In a way the deliberateness of the pacing is to be admired, rather than presenting us with something sordid, but it soon becomes tedious.

Dickens is the celebrity of his age, and the film is at its best in livelier moments when his gregariousness and star quality are to the fore, but in truth Nelly is a bit of a drip.

In the end it's Scanlan who impresses most, and the best that can be said of the rest is that it all takes place in very nicely appointed Victorian drawing rooms and theatres, but generally this is dreary stuff.

See it if you liked: Shadowlands, The Duchess, Anna Karenina

Dallas Buyers Club (15, 117 mins)

Director: Jean-Marc Vallée

3 stars

Matthew McConaughey has received his first Oscar nomination and is favourite to win the award for his impressive portrayal here of Ron Woodroof, a hard-living Texas man who was diagnosed with AIDS in 1985 and given a month to live.

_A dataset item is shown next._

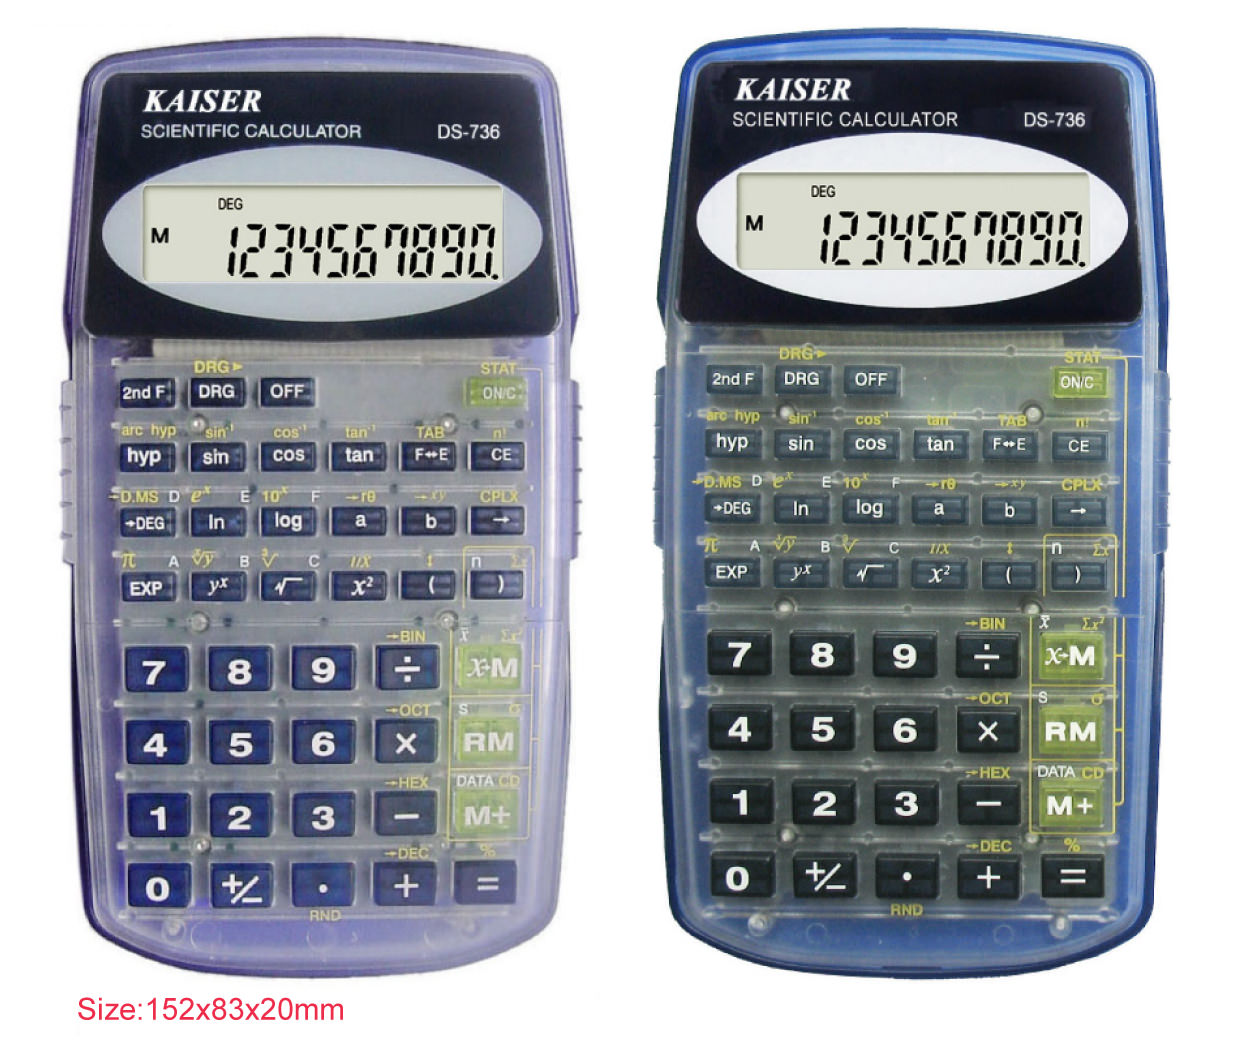 8+2 digit 136 functions scientific calculator

Refusing to accept this, he seeks out treatments, but when the drug being trialled turns out to be more toxic than helpful, he's forced to go further afield for alternatives.

This leads him to Mexico where he finds medications that work on him, and he quickly realises there's money to be made in selling it in the States.

To get around legal difficulties, he sets up a club where people pay a monthly fee then receive the drugs for free.

Though it rightfully pours scorn on the monetary reasons involved for why certain pharmaceuticals are given preferential treatment over others, in most regards this is a fairly standard tale of someone, at first self-serving, learning to do the right thing for the benefit of other people.

It's raised by the performance of McConaughey, which is not only a physically remarkable one thanks to his skeletal appearance, but the spirit and drive he invests in Ron gives a thumping heart to a film that is otherwise pretty routine.